Researchers Identify Genes That Appear to Play Central Role in Memory and Alzheimer’s

Genes are not only important for regular memory performance, but also for the development of Alzheimer’s disease. Researchers at the University of Basel have identified a specific group of genes that plays a central role in both processes.
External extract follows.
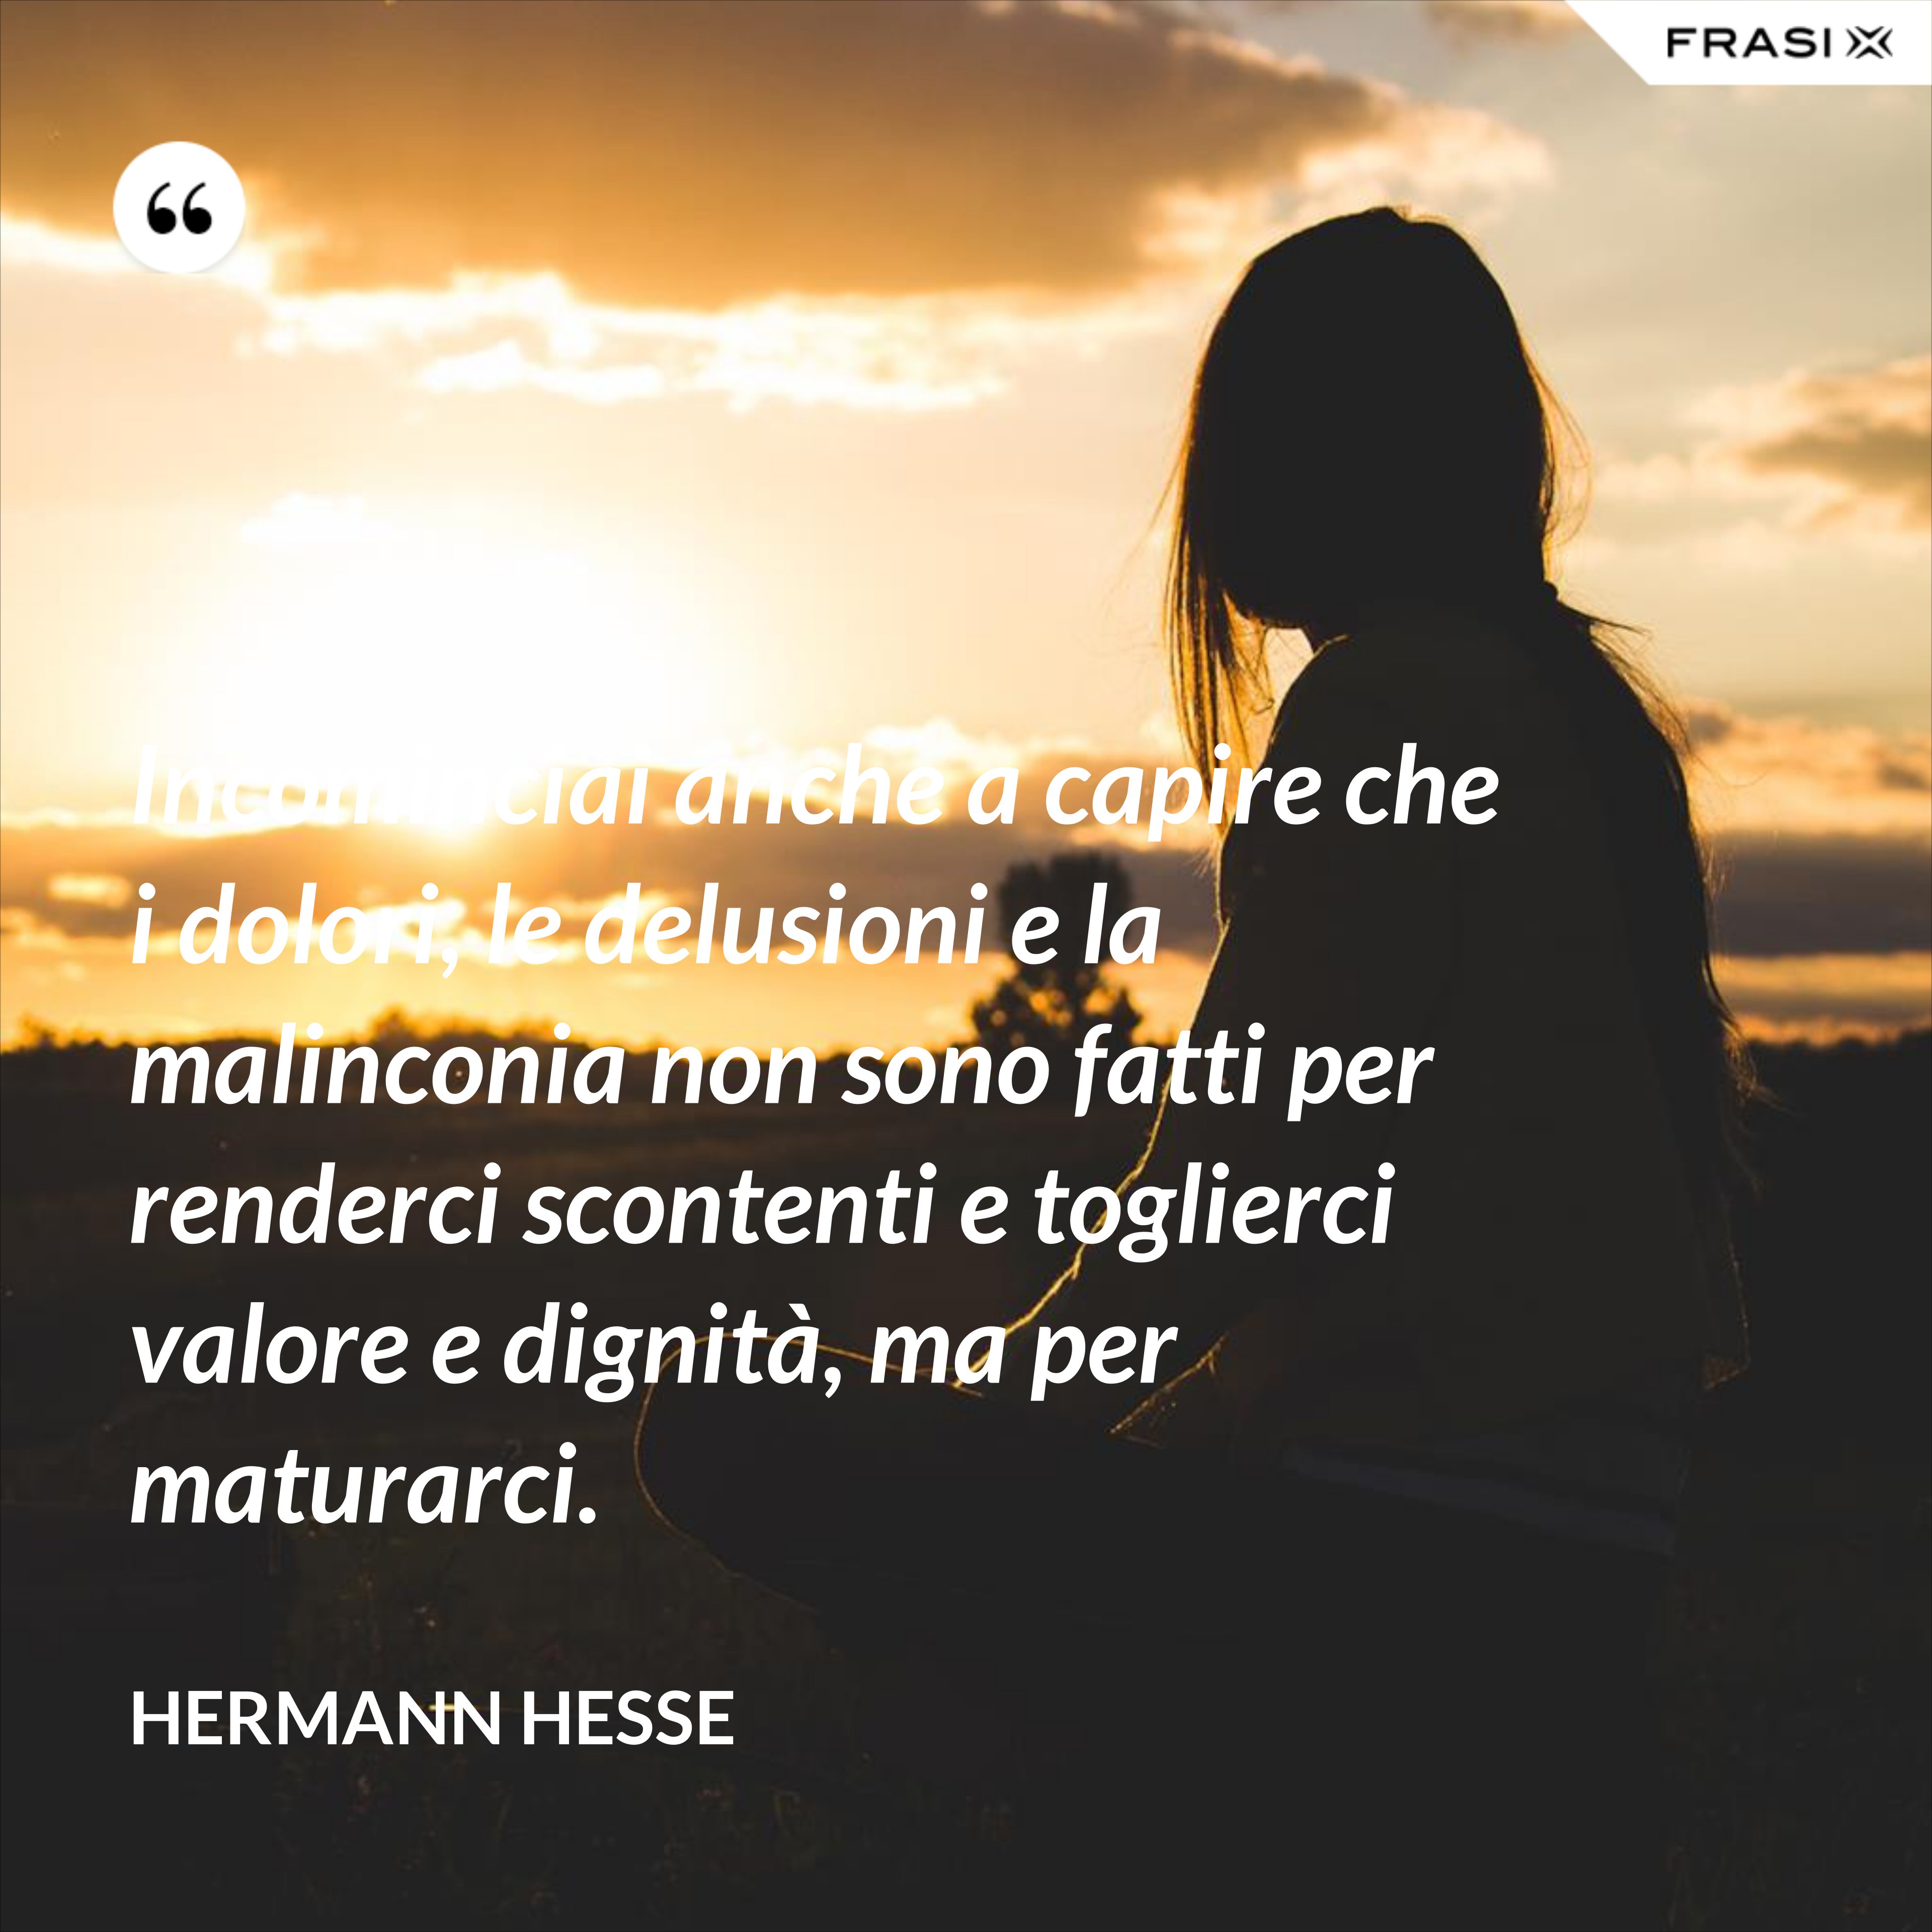 Incominciai anche a capire che i dolori, le delusioni e la malinconia non sono fatti per renderci scontenti e toglierci valore e dignità, ma per maturarci. - Hermann Hesse

This group of molecules controls the concentration of calcium ions inside the cell. Their results appear in the current issue of the journal JAMA Psychiatry.

Intact memory capacity is crucial for everyday life. This fact becomes apparent once a memory disorder has developed. Alzheimer’s disease is the most common cause of age-associated memory disorders. Due to increasing life expectancy, the disease is on the rise in Switzerland and worldwide. Unfortunately, there is no effective treatment to cure or even slow down Alzheimer’s yet. Thus, understanding the origins of this neurodegenerative disorder is key to the development of much needed treatments.

Scientists have known for some years now, that genes do not only play a crucial role in normal memory performance, but also in the development of Alzheimer’s. However, it was so far unclear if specific genes are involved in both these processes.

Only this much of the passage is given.